Wilma Cruise is a South African sculptor and visual artist. Working mainly with fired clay on a life size scale she has had fifteen solo exhibitions, curated others and 
completed a number of public works including the national monument to the women of South Africa and the memorial to the enslaved in Cape Town (the latter in 
collaboration with Gavin Younge). Her work is represented in public, corporate and private collections throughout South Africa. Wilma Cruise uses the body as the vehicle for the exploration of meaning. The body provides the metaphorical link between unconscious realities and the conscious known world. Her sculptures are rendered in expressive life-size figures in bronze and ceramic which in recent years have included animals such as horses and sheep. She has produced a body of work on paper that incorporates the figure, animals and text. 

Gordon Froud 
 
Gordon Froud has been actively involved in the South African and international art 
world as artist, educator, curator and gallerist for the last 30 years. He has shown on 
hundreds of solo and group shows in South Africa and overseas and has served on 
many arts committees throughout South Africa. He has judged many of the 
important Art competitions from local to national levels in South Africa. 
 
Froud graduated with BA (FA) Hons from the University of Witwatersrand in 1987, 
Higher Education diploma from the same university in 1987 and a masters degree in 
Sculpture from the University of Johannesburg in 2009 where he runs the sculpture 
department as a senior lecturer.

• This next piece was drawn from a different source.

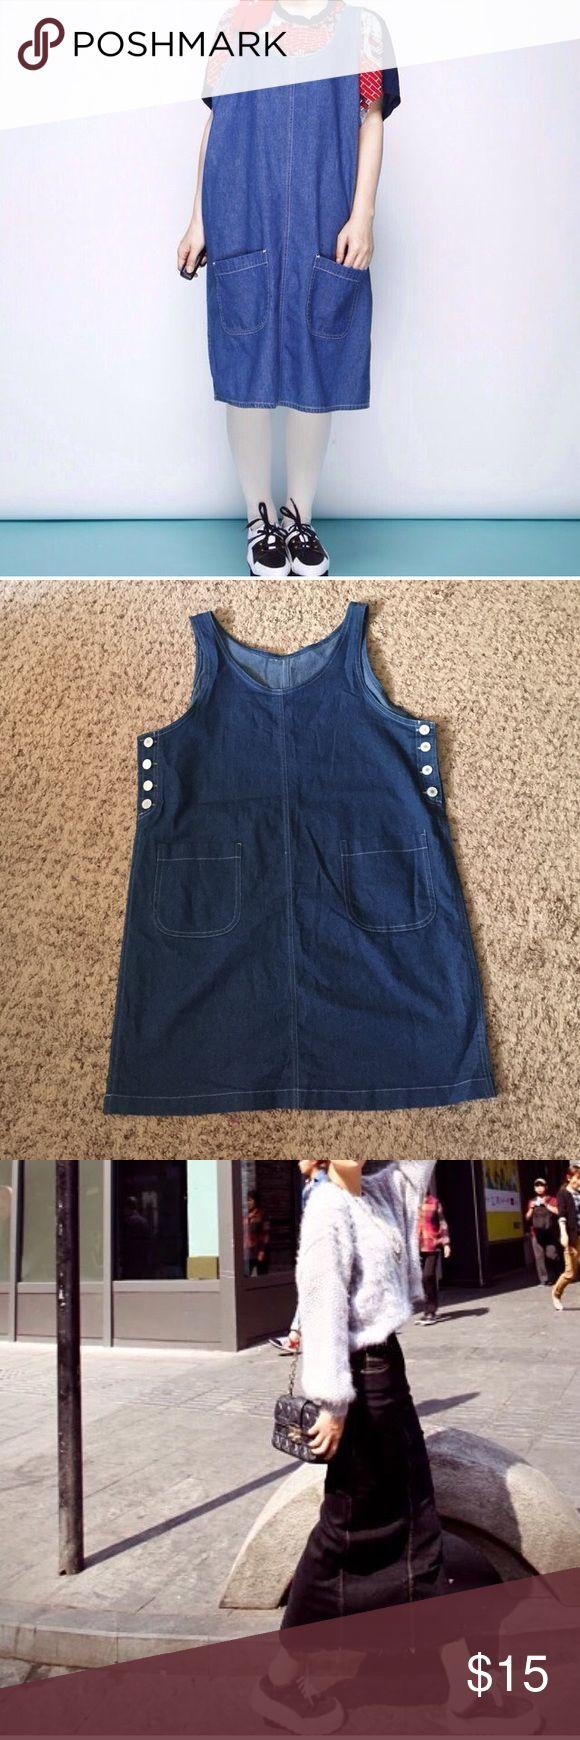 Vintage denim dress size. One size. Vintage denim dress size. One size. Denim skirt size M. Made in China Vintage Dresses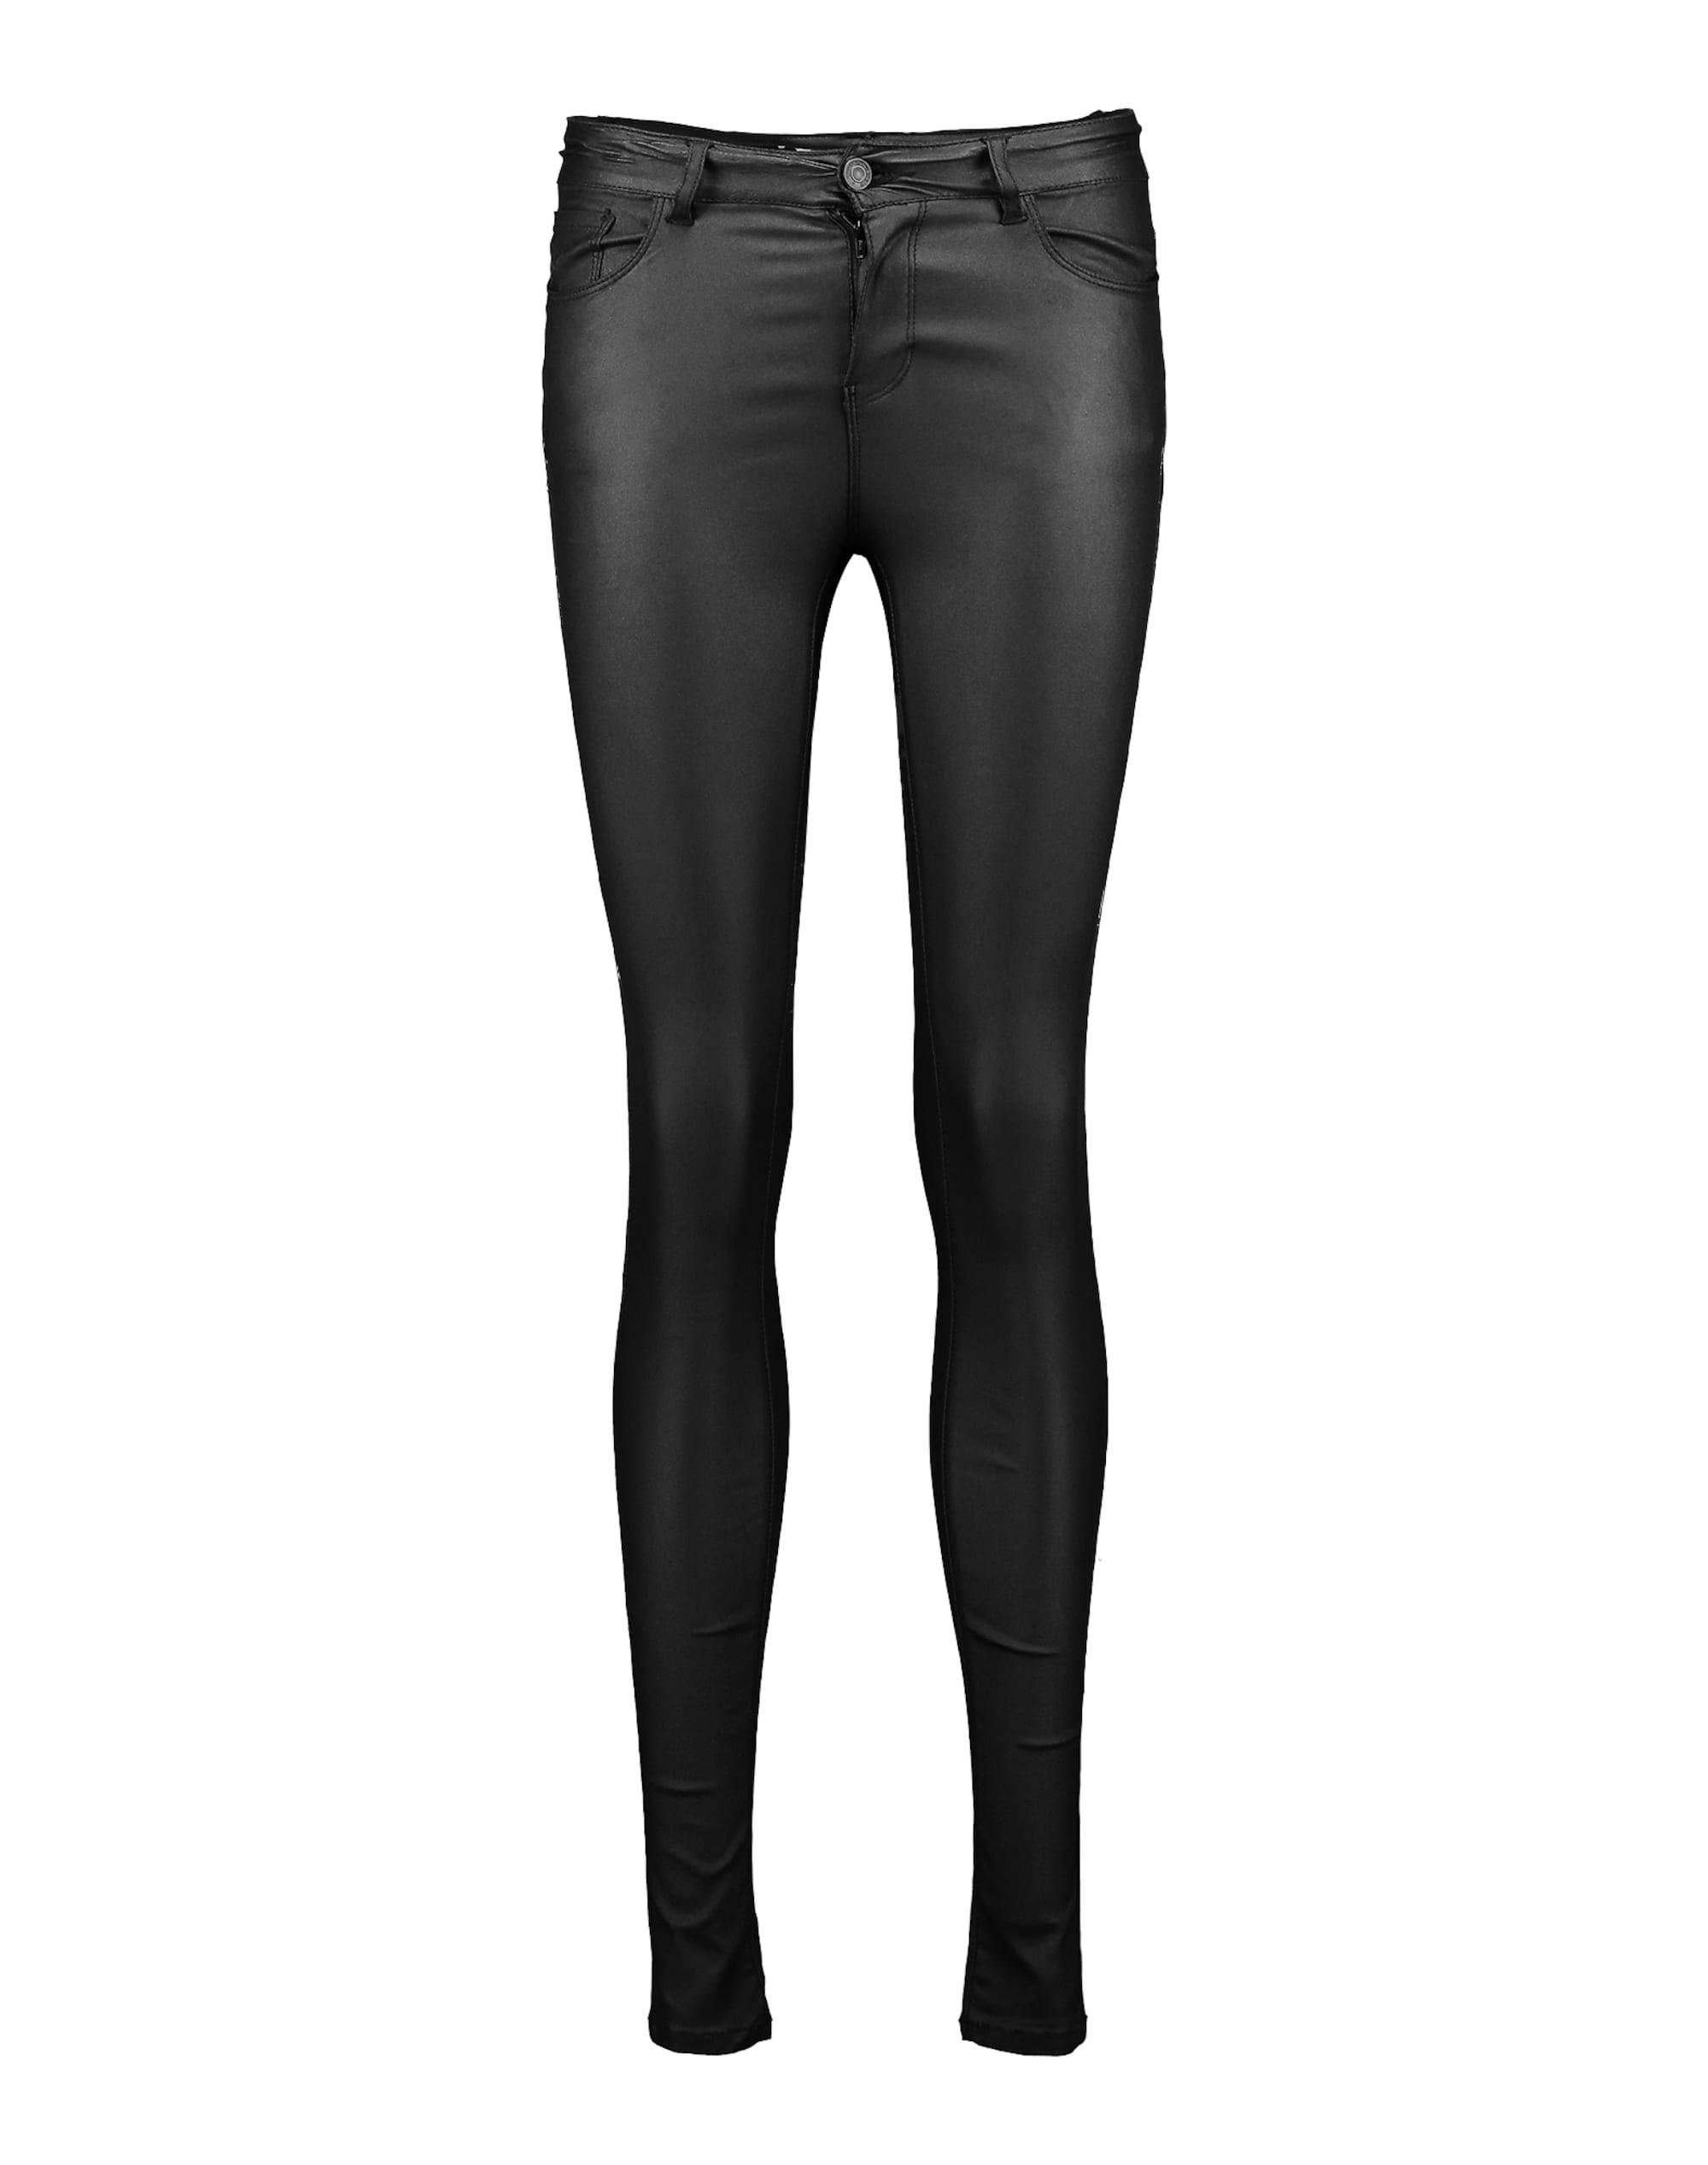 Image of Enge Jeans in Lederoptik ´VMSEVEN NW S.SLIM SMOOTH´

He has taught continuously at school and tertiary 
level in South Africa and in London since 1990. He directed gordart Gallery in 
Johannesburg from 2003 to 2009 showcasing work by new, upcoming artists. He 
shows on more than 20 exhibitions a year. 
 
With a vast array of works in different mediums, including: bronze casts, ceramic 
plates, artist’s books, photography, digital printing, etching, linocut, wood carving 
and drawing amongst others. Froud’s work maintains common threads of humor 
and found objects as the recognizable ‘hand’ of the artist. 


Justin Dingwall 
 
Justin Dingwall is a successful commercial, as well as a fine art, photographer. Dingwall started his career in commercial photography after graduating with a 
BTech Cum Laude in Photography from the Tswane University of Technology in 2004. During the next few years he won numerous awards, including gold in the Fuji Film 
Awards for portraiture. His work has been published both locally and internationally.His most recent project, a series of beautiful composed portraits of Thando Hopa (a young lawyer-turned-model who has albinism) has attracted 
attention internationally. 

He continues his journey of self-discovery through his lens… 
“I do what I do for the love of new experiences. My imagery is not bound by language or culture. I want my work to speak for itself and for people to interpret it in their own way. I want people to be affected by my images... As long as someone is feeling something, I am achieving my goals.”